This morning Church for Vancouver published my article, “Breaking Down Walls.” I was asked to write and submit this after telling the publisher that I had experienced the effects of stigma. I had felt many times that this had been the reason for the emotional pain I had suffered as the result of insensitive and disrespectful treatment. I wrote because I had come to know what it feels like to be treated as “different” and “not normal”. In writing I hoped that Christians would come to better understand how to be there for people with mental illness. How they could learn to love them rather than fear them.
Since talking to Flyn Ritchie reasons other than stigma have suggested themselves. But it’s a puzzle. I constantly live with questions why I had been treated as though I was not human and that my feelings were not considered important. The result: repeated painful flashbacks of hurtful things said to me and done to me, causing immense emotional pain that lasted for hours at a time. It affected my ability to function.
But truthfully, I’m now wondering: was it really stigma, as the introduction to my article states? As I have so often felt it must be? Was it truly the person not able to stand me because of my illness? Or could it have been something else? Was there another reason I was treated this way? I might never know, though the questions appear often, the minute I open my eyes in the morning. Every time this happens, the pain hits all over again.

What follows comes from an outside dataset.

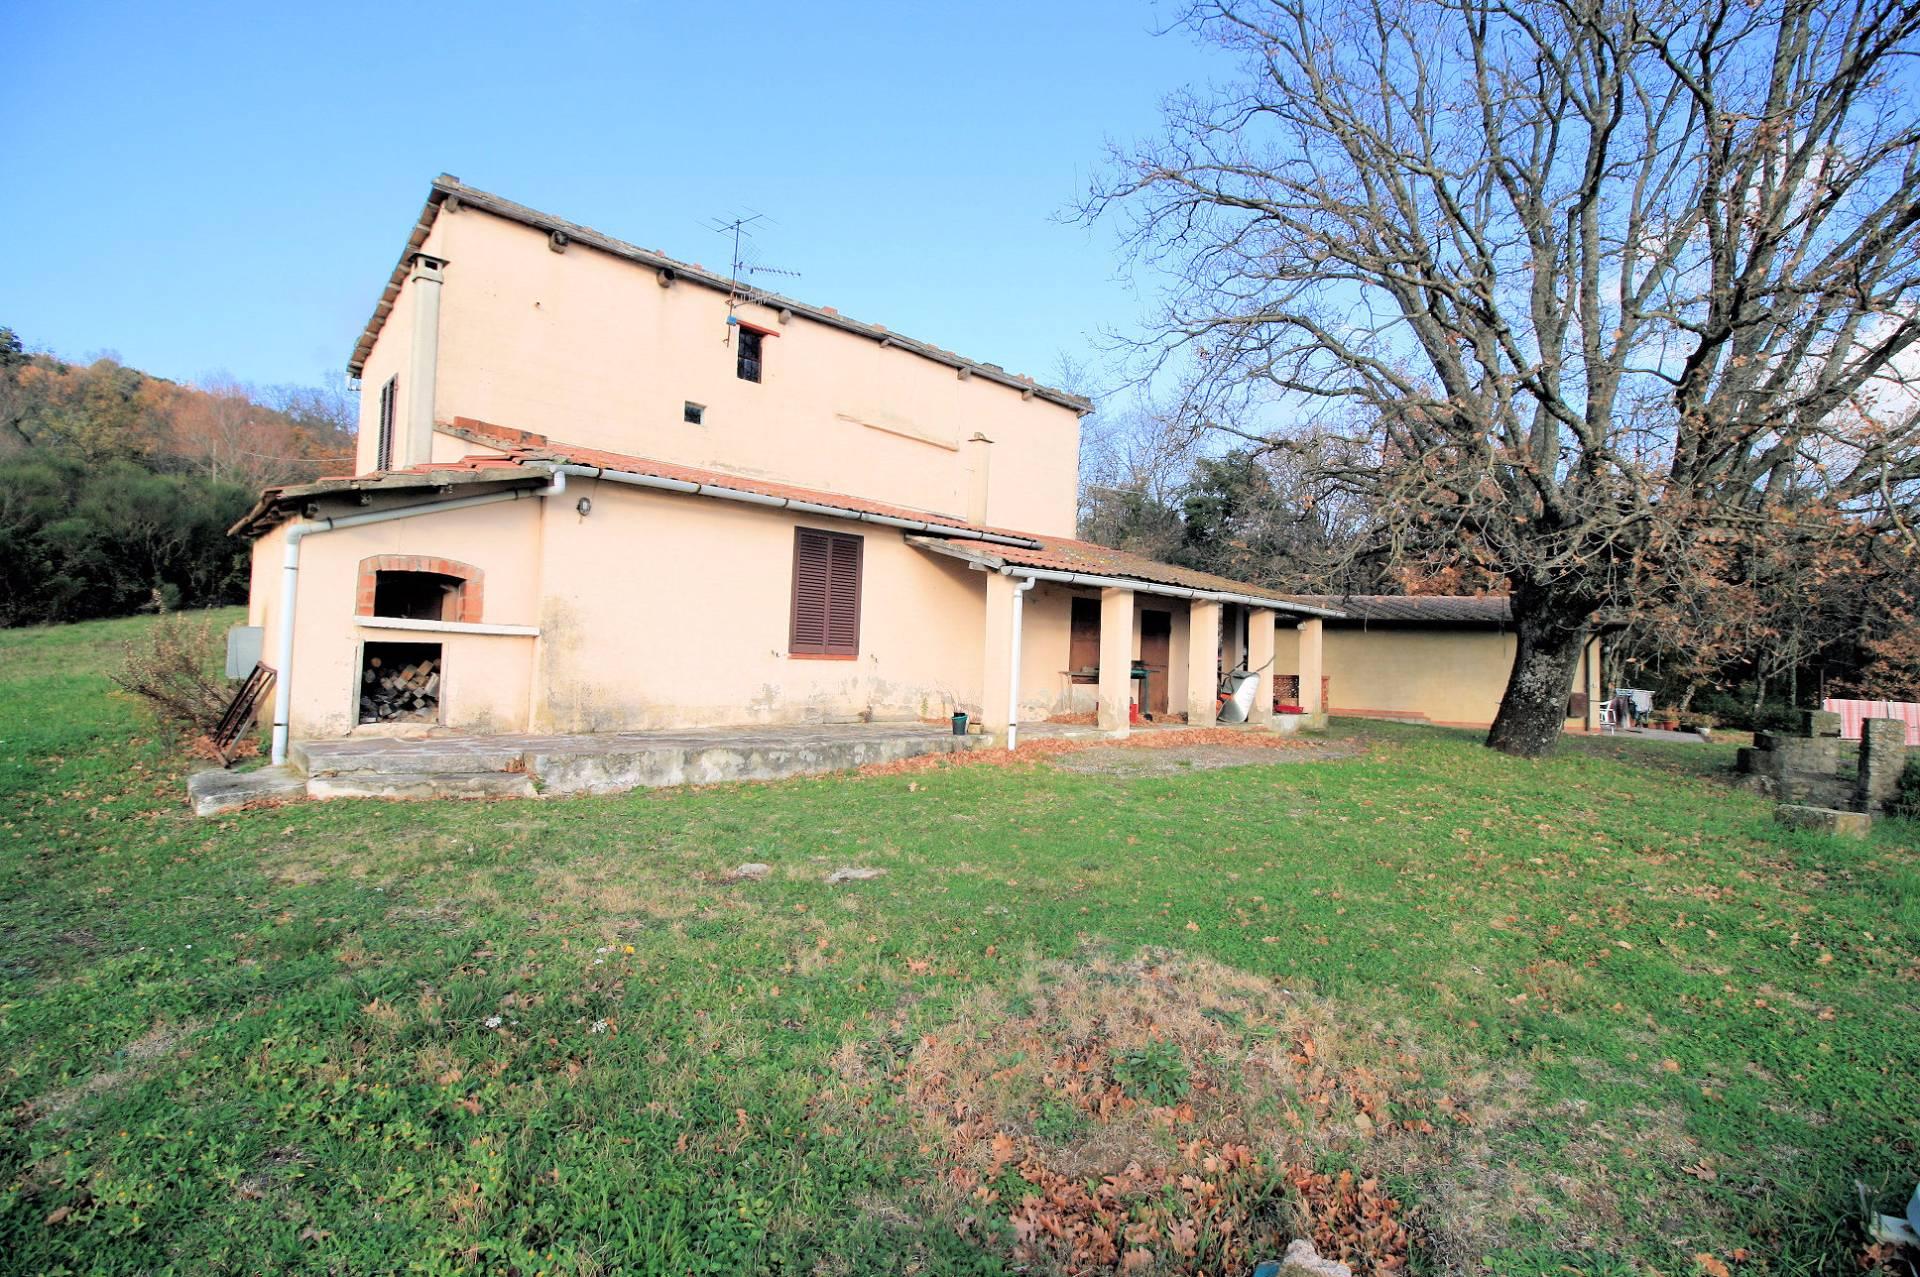 Appartamento in vendita a Roccastrada, 10 locali, zona Zona: Roccatederighi, prezzo € 265.000 | CambioCasa.it
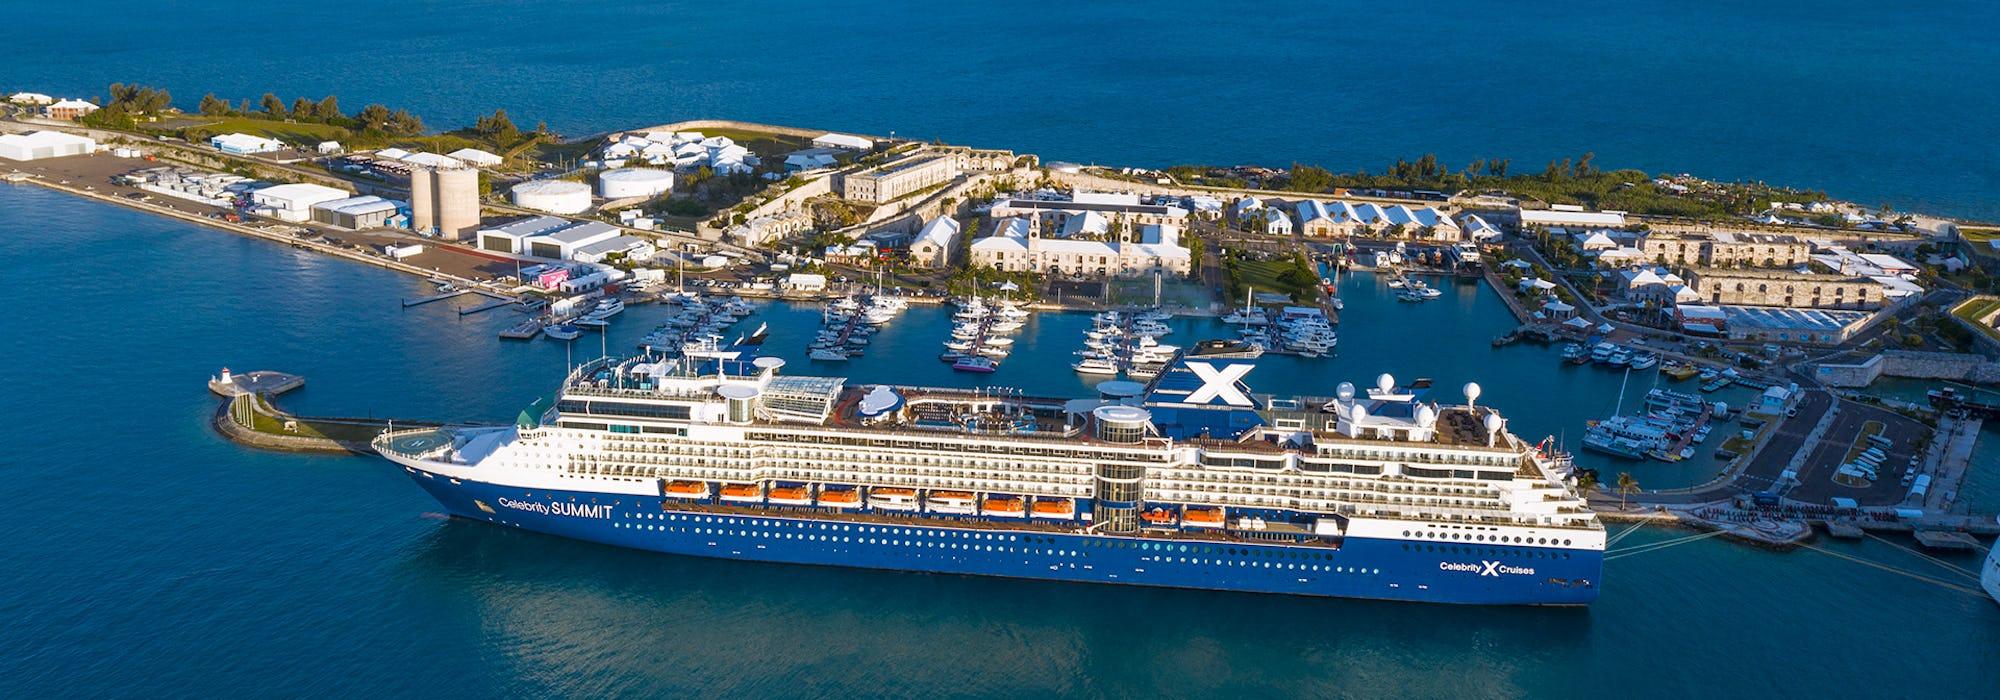 Bild från sidan på Celebrity Summit som passerar en liten ö och marina.

I know that the effects of my illness – what my illness caused me to do – was a problem. How it made me act was a problem. The kind of person it made me to be – too often clingy. (I hate having to say that about myself.) Often I’m just not an easy a person to be around.
I’m coming to see how I most likely became too much for the person to take. That might have been the whole problem. And it’s an understandable problem, one I must forgive.
…And yet, I still don’t know for sure.
…And yet, why did I have to suffer all that pain?